NetCDF ZARR Data Model Specification

Introduction
Notation
Data Model
Excluded Elements
Appendix A. Supporting Lexical Tokens
1. Fully Qualified Names
Appendix B. Supplementary Material
1. Specifying Context-Sensitive Elements
Appendix C. Complete Version of the Abstract Representation Specification

Introduction

This document describes the to-be-implemented NCZarr data model by reference to the netcdf-4 (aka netcdf enhanced) data model. Elements of the enhanced model included in this model will be listed. Elements of the enhanced model not included are listed in a later section.

Notation

In order to represent the abstract structure of the NCZarr data model, we must choose some suitable notation. This notation must meet the requirement that it is typed, meaning that the nodes of the tree have a type and the structure of the node must conform to that type.

Ideally, we would use Json as our notation since that is the target representation used by the Zarr specification. Unfortunately, Json is effectively typeless so we do not consider it powerful enough to properly represent the data model. If some way exists to do this, then this may be viable.

We choose Antlr4 [1] as our formalism because it is designed for such uses as this one, and it is quite concise. In the following specification, upper-case names (such as NAME or ZARRVERSION) are terminals in the parsing sense and are specified in Appendix A.

Data Model

Dataset

dataset : NAME ZARRVERSION (dimension | variable | attribute | group)*

The unit of data storage in NCZarr, as with netcdf-4, is the Dataset. A Dataset is also a Group (see below), so it can contain variables, attributes, and (sub-)groups. These semantics are consistent with the netcdf-4 Dataset semantics.

Group

group: NAME (dimension | variable | attribute | group)*

A Group contains a collection of dimension declarations, variable declarations, attributes, and (sub-)groups. Note that user-defined type declarations are not (yet) included.

Attribute

attribute : NAME value_type (CONSTANT)+

An Attribute contains a (ordered) set of values, where the values are constants consistent with the specified type of the attribute. An attribute must have at least one value.

Dimension

dimension: NAME SIZE

A Dimension declaration defines a named dimension where the dimension has a specific specified size.

Variable

variable: NAME type (dimref)* (attribute)*

A Variable declaration defines a named variable of a specified type. It also can reference a set of dimensions defining the rank and size of the variable. If no dimensions are referenced, then the variable is a scalar.
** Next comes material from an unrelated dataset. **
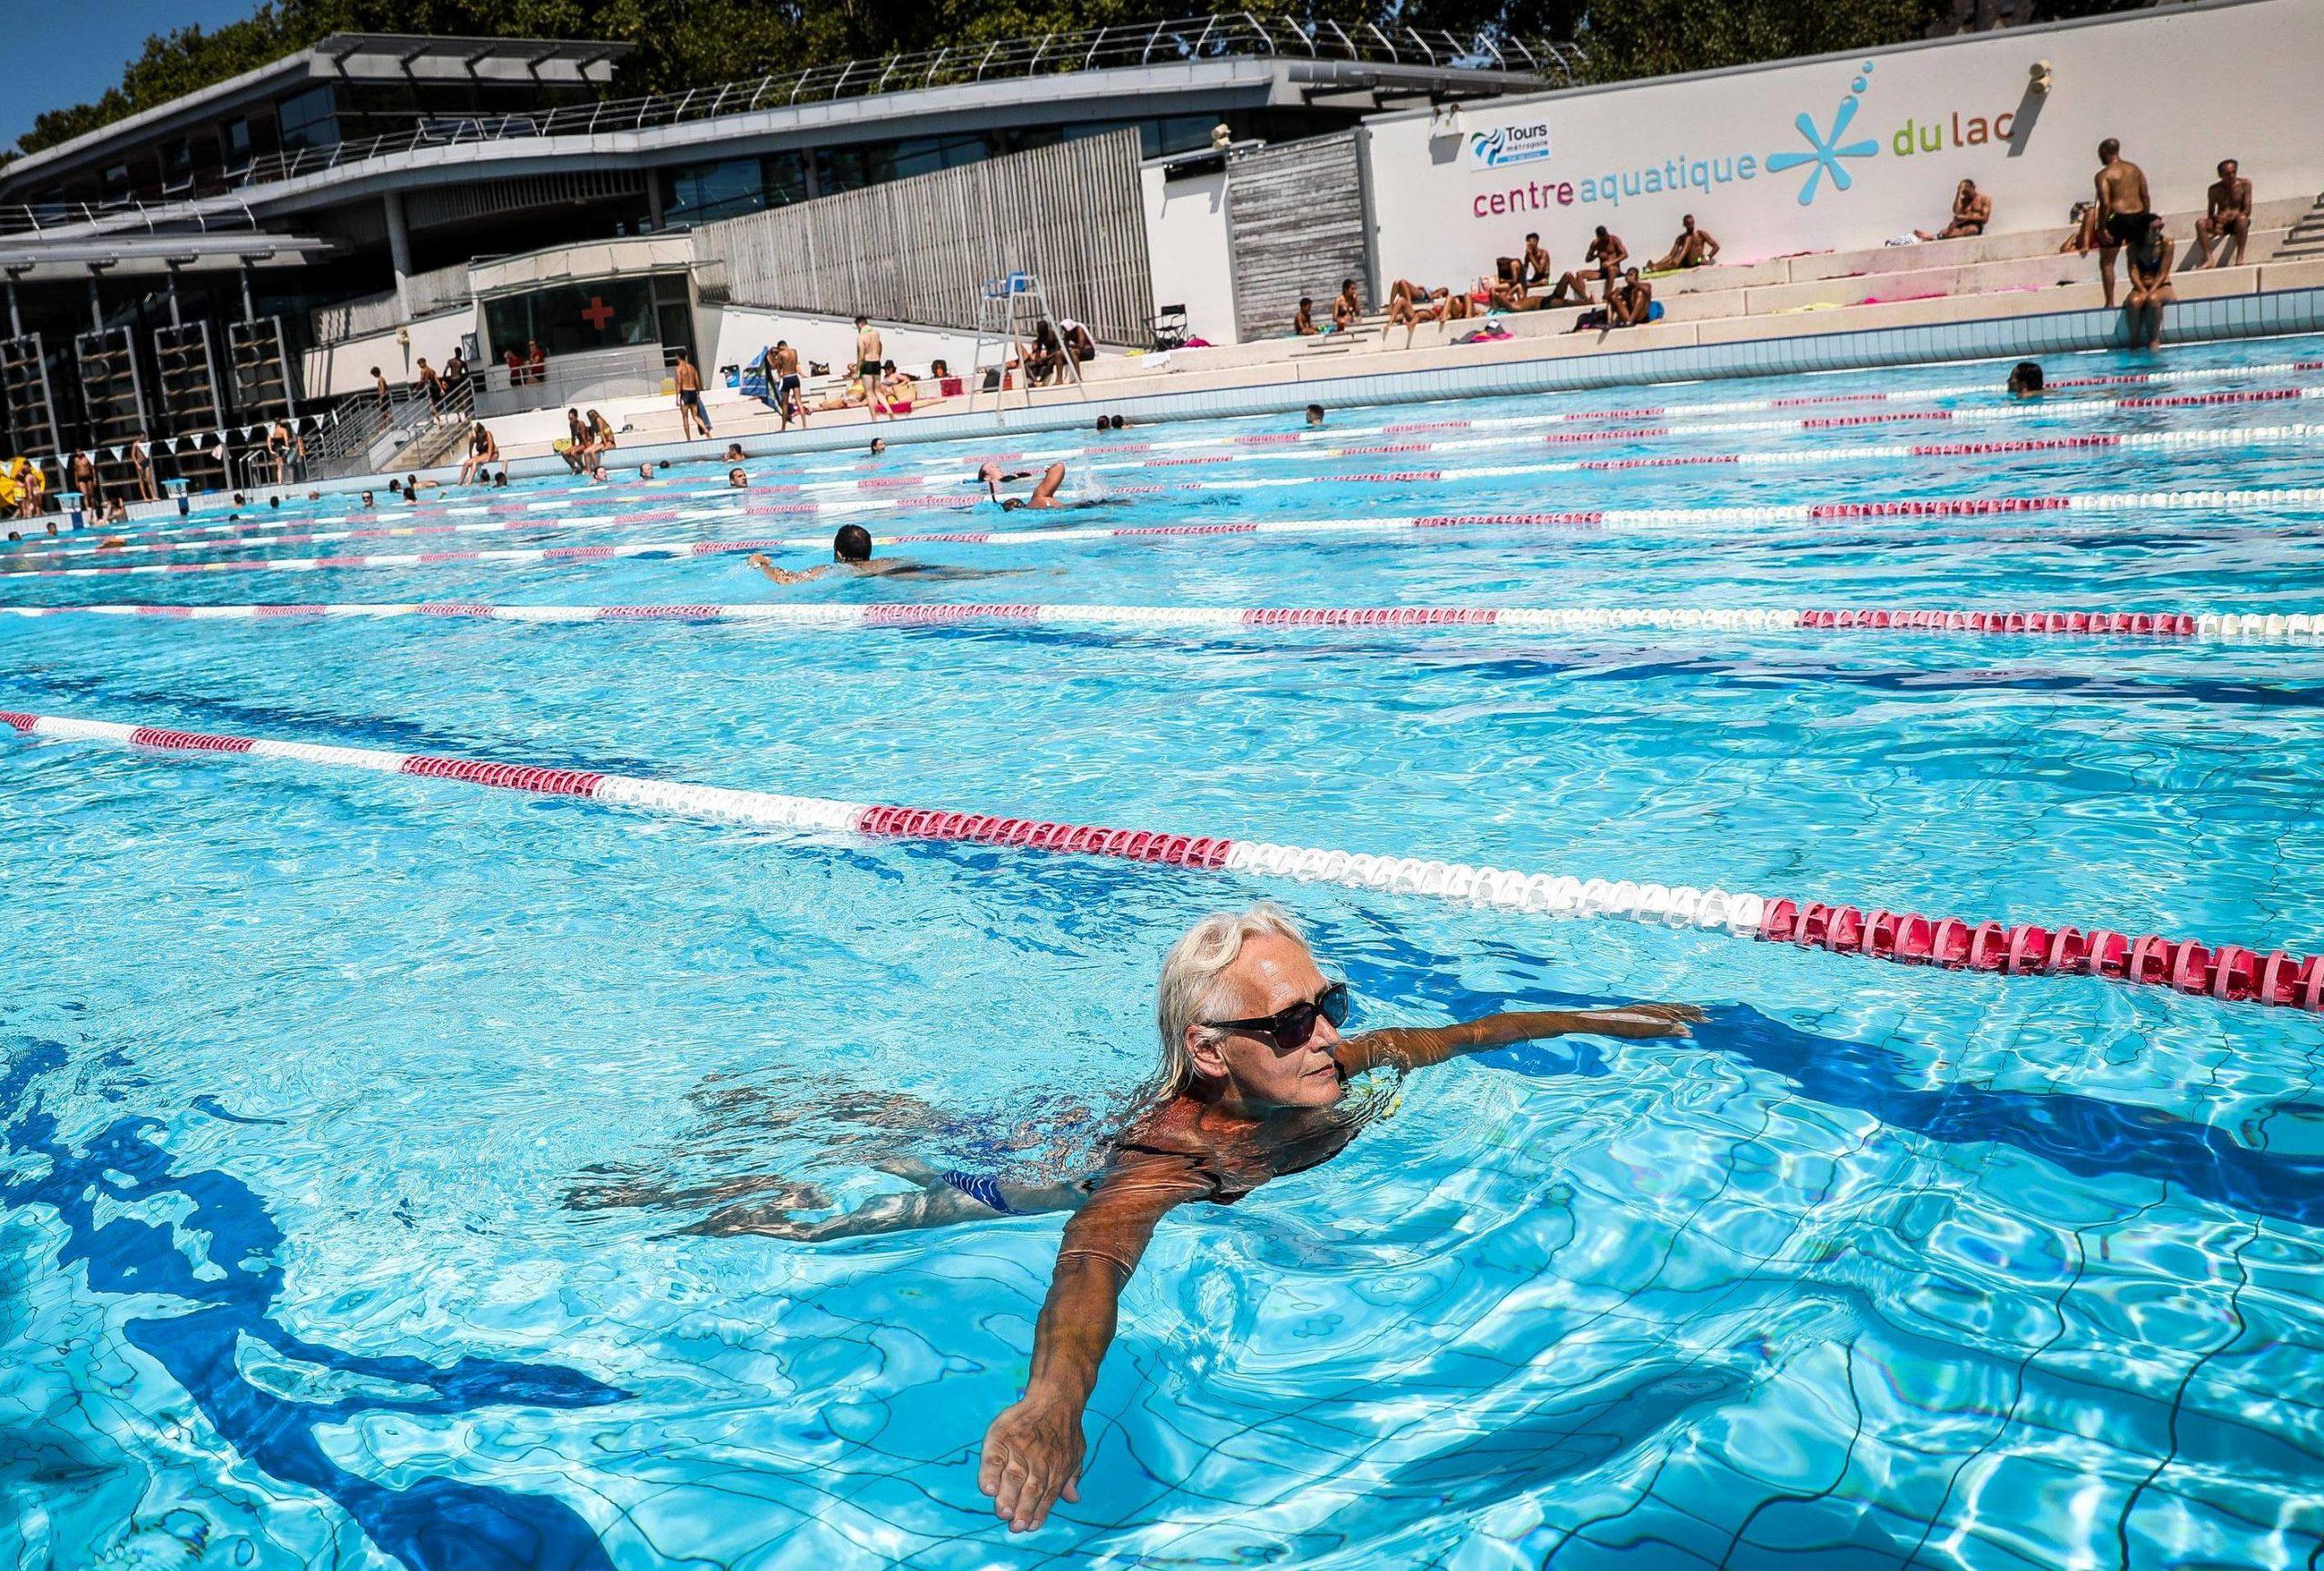 Tours : Des Nouveautés Au Centre Aquatique Du Lac à Piscine Du Lac Tours

Additionally, any number of attributes can be associated with the variable to define properties about the variable.

Dimension Reference

dimref: SIZE | FQN

A Dimension reference specifies one the dimensions of a variable by either defining an anonymous dimension where the size is specified directly, or by providing the fully qualified name refering to some dimension defined in some Group via a <Dimension> declaration.

Types

type: atomic_type ; 
atomic_type: fixed_atomic_type | char_type ; f
ixed_atomic_type: BYTE_T // A signed 8 bit integer | UBYTE_T // An unsigned 8 bit integer | SHORT_T // A signed 16 bit integer | USHORT_T // An unsigned 16 bit integer | INT_T // A signed 32 bit integer | UINT_T // An unsigned 32 bit integer | INT64_T // A signed 64 bit integer | UINT64_T // An unsigned 64 bit integer ; 
char_type: CHAR_T ;

For now, NCZarr only supports the signed and unsigned integer types of sizes 8, 16, 32, and 64 bits. It also supports an approximation to the character type. Addition of more complex types such as strings must await the Zarr version 3 specification.

These atomic types are those can be used when specifying the type of a variable or an attribute, the names are taken from the corresponding netCDF-4 specification.

Character Type

The character type is almost universally (except for Java) associated with an 8-bit unsigned value. But this has always caused problems because historically, multiple encodings have been associated with it: ASCII, ISO-LATIN-8859, UTF-8, for example.

Each encoding may support only a subset of the 256 possible values that can be represented by an 8-bit unsigned value. In the case of UTF-8, which supports multi-byte characters, a single 8-bit value may not even be able to represent a legal UTF-8 character.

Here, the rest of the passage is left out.